If the other two games examined in the study that were considered games of chance don’t get updated soon, the Gaming Authority says they have several options available to them to enforce compliance. One of those is a fine of €830,000 or 10% of a company’s annual turnover worldwide, if the latter is larger than the initial fine. The other options are prison sentences and possible bans on the sale of one or several products sold by the company. If Electronic Arts, for example, didn’t get to fixing FIFA 18 in time for the deadline, they would be facing a 10% fine on their turnover and possible bans on FIFA 19 sales in The Netherlands. The maths works out to €43 million for EA if they don’t comply.

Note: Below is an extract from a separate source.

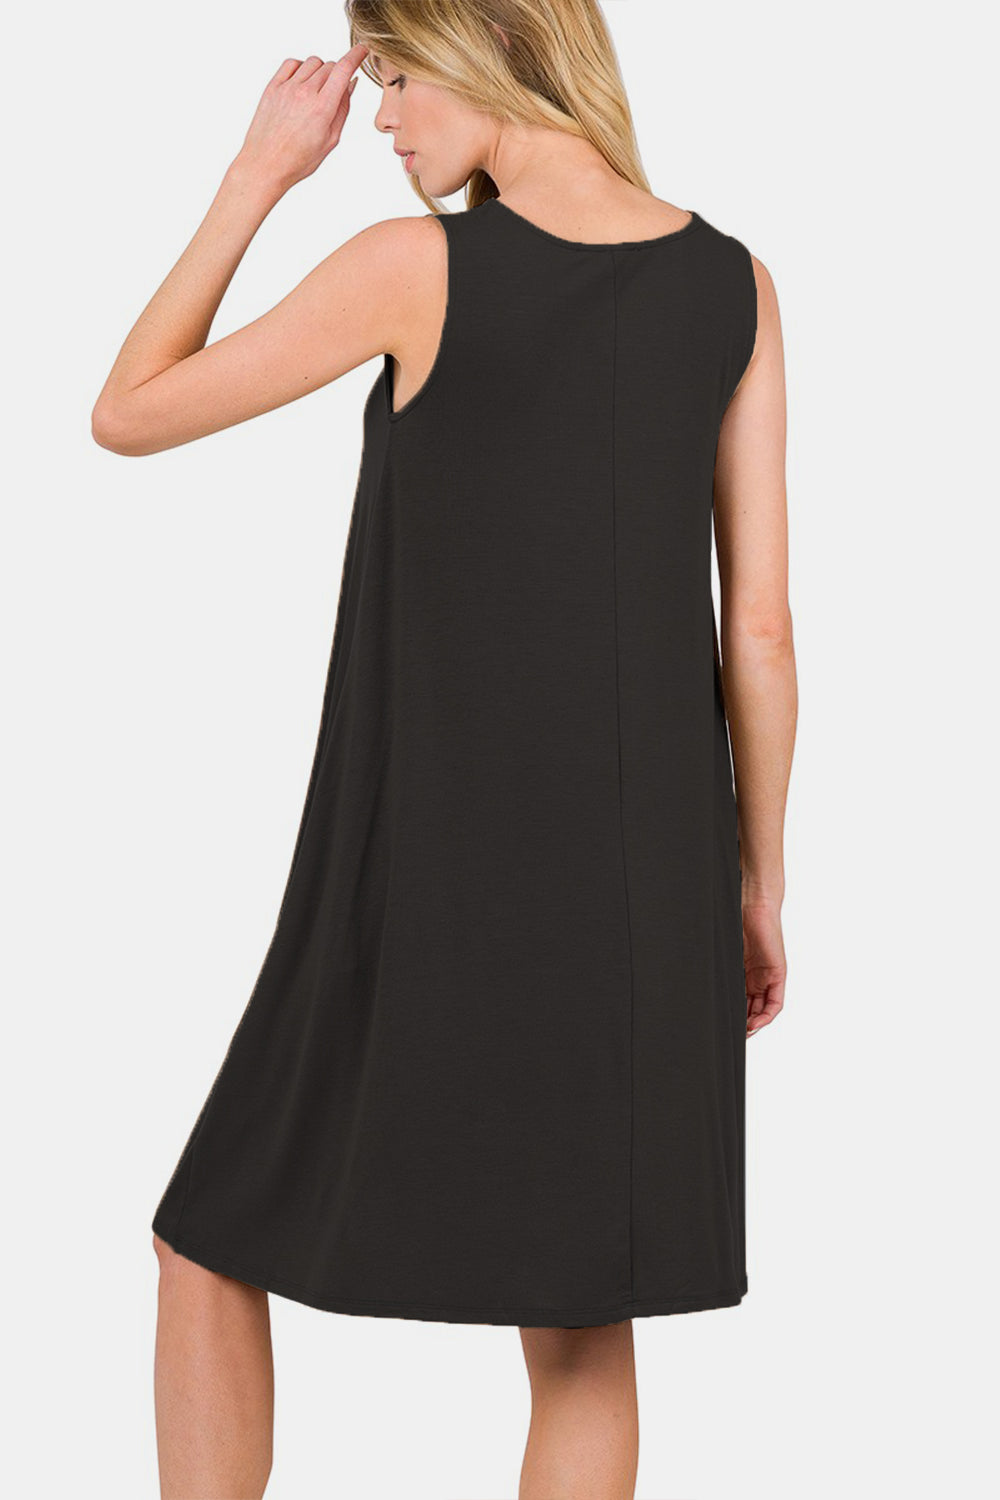 Zenana Sleeveless Flared Dress with Side Pockets in Black Southern Soul Collectives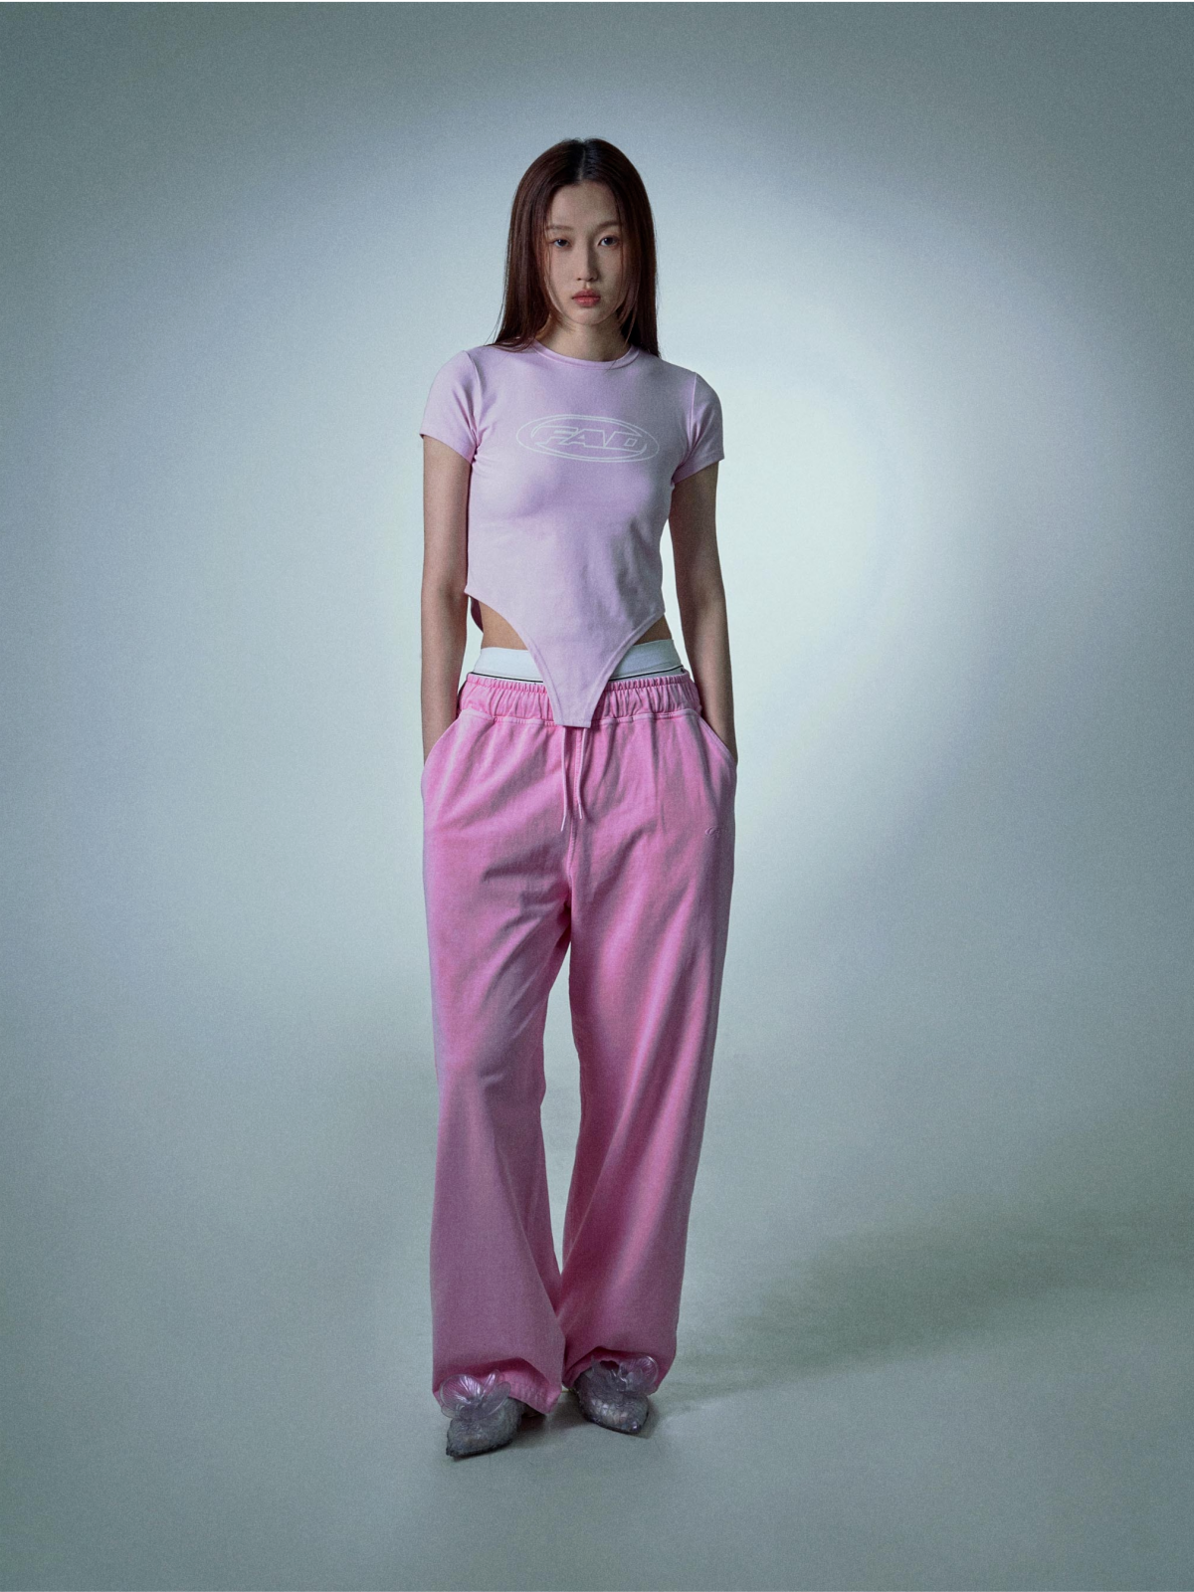 [FAD] DYED JOGGER PANTS (PINK)

All that’s left then is to see who else makes their move. Any action taken now comes well after the deadline, and will attract a fine despite a publisher making the necessary fixes. Valve Corporation last week disabled Steam Market trading for items earned in DOTA 2 and CS:GO, and it appears this was a rather easy thing to implement. Valve will soon have to do the same for Belgian gamers, as the Belgian Gaming Commission came to a similar conclusion to Kansspelautoriteit.

This could also spell trouble for smaller game studios that have lootboxes that also violate the law. Kansspelautoriteit told me that consumers affected by these games should contact the Gaming Authority to report the offending game, at which point they will handle the situation and contact the company to let them know they’re violating the law, and hopefully fix the problem.